Quay County Sun - Serving the High Plains

Ruling enforces New Mexico's sunshine laws


January 1, 2020

New Mexicans received an early holiday present as the New Mexico Supreme Court declined to review the strong Court of Appeals and District Court decisions in the Corizon Health case, enforcing the state’s Sunshine Laws.

The Supreme Court denied a petition for Writ of Certiorari filed by Corizon Health seeking review of September’s New Mexico Court of Appeals decision. The decision upholds First Judicial District Court Judge Raymond Ortiz’s verdict requiring Corizon to turn over requested public records and pay legal fees for violating the Inspection of Public Records Act.

The Court of Appeals decision strongly and comprehensively affirmed many important IPRA provisions.

The original lawsuit came about as Corizon refused to release to the Albuquerque Journal, the Santa Fe New Mexican and the New Mexico Foundation for Open Government settlement agreements it made with prisoners who had sued Corizon over alleged malpractice and sexual abuse by a physician.

Corizon formerly provided health care to inmates in New Mexico’s prisons under a four-year, $37 million-per-year contract with the New Mexico Department of Corrections.

Then-New Mexican Editor Ray Rivera asked for FOG’s help in getting the settlement documents as the DOC denied the original request. It said the documents were not in its possession, but were held by Corizon.

The district court ruled that settlement documents are public records subject to disclosure and that Corizon had to comply with IPRA because it was performing a public function (providing prison medical services) under contract with a state agency.

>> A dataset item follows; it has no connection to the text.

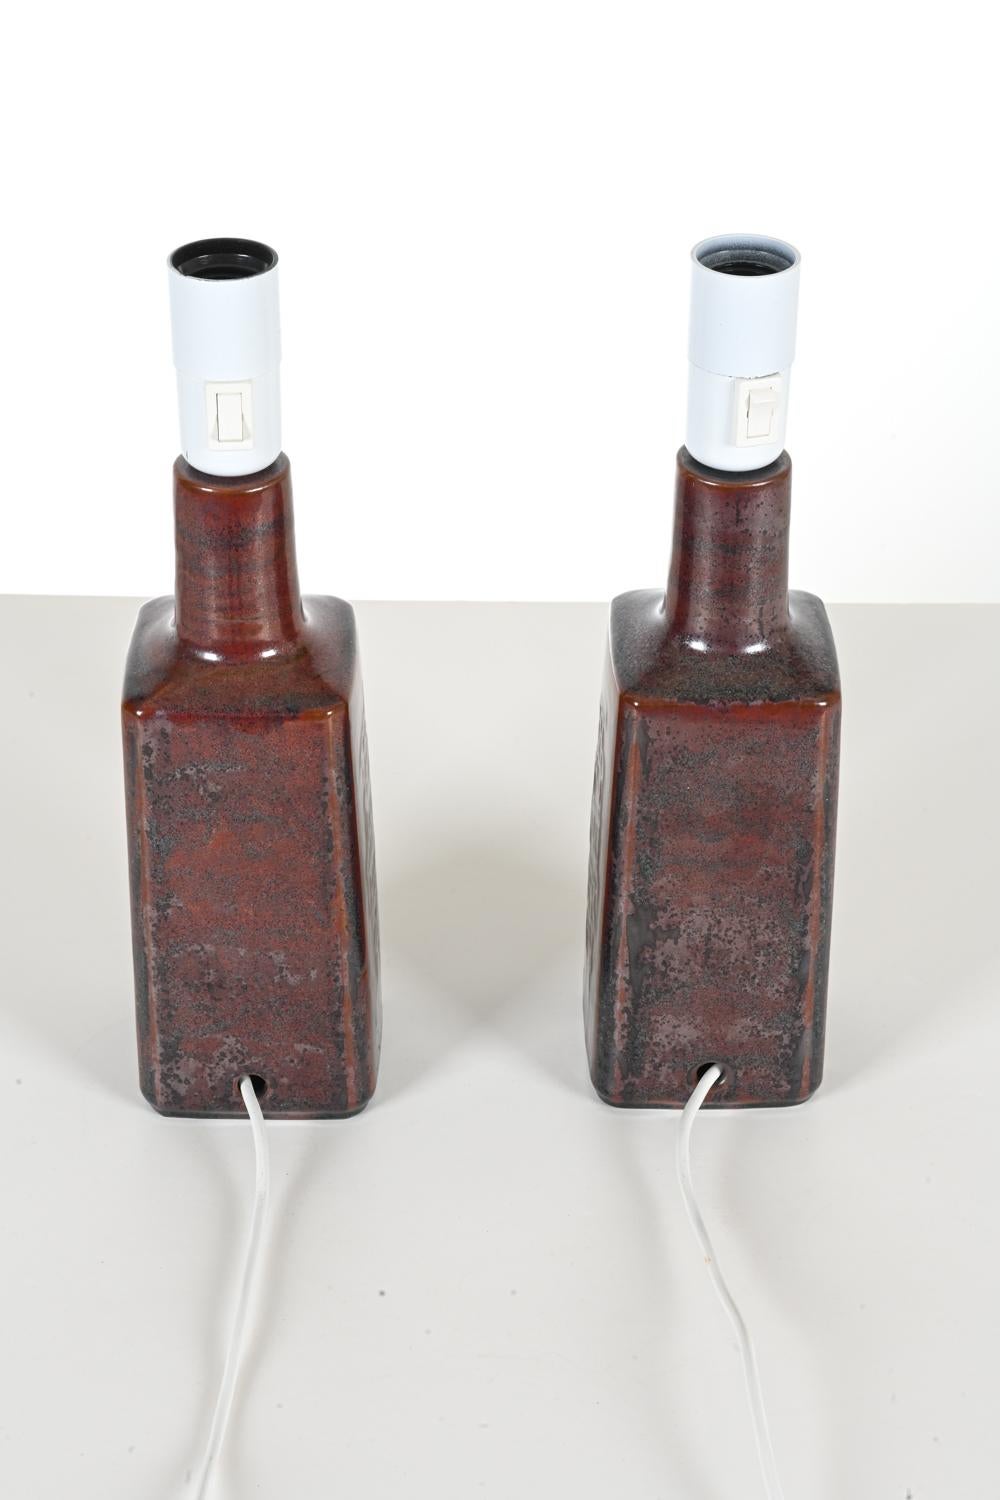 Pair of Danish Studio Ceramic Table Lamps by Désirée Stentøj For Sale 1
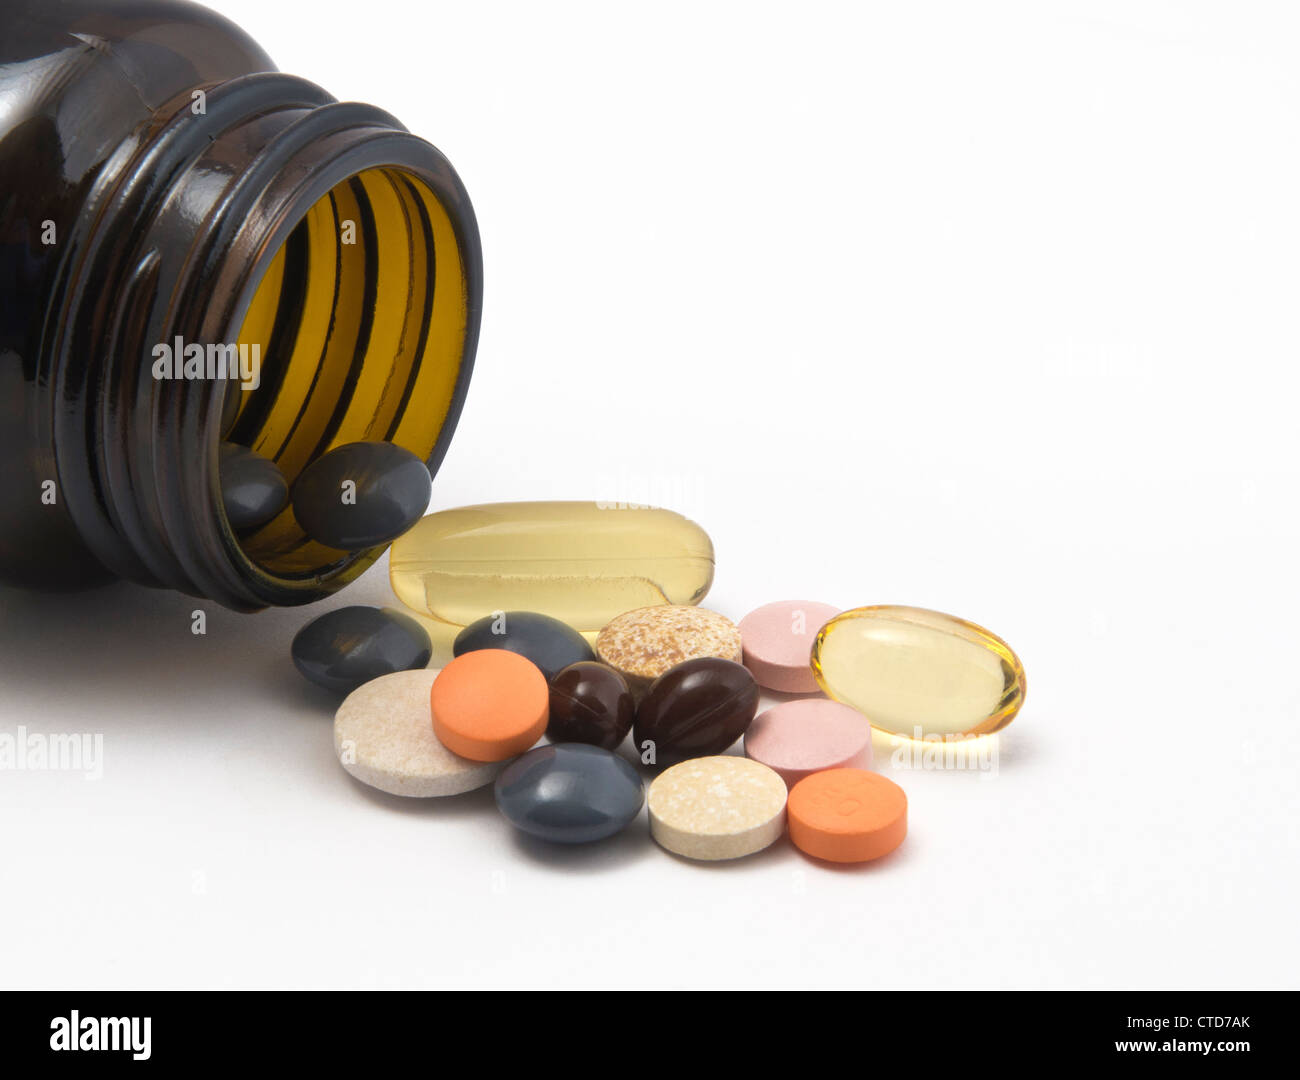 Cóctel de pastillas. Se compone de varios suplementos para la salud + medicamentos para tratar la presión arterial alta (también conocida como hipertensión). Foto de stock

Corizon appealed and withheld the settlements pending the outcome of the appeal.

“Obviously the Supreme Court decided that the Court of Appeals decision in this case did not need further review and accurately stated the law of New Mexico,” said Daniel Yohalem, attorney for the plaintiffs. “We are pleased with the result and look forward to obtaining the settlement agreements from Corizon as soon as possible.”

“This ruling makes it very clear that third-party government contractors performing a public function on behalf of state, county or local agencies must open their records to public inspection — no exceptions,” said Melanie J. Majors, FOG executive director.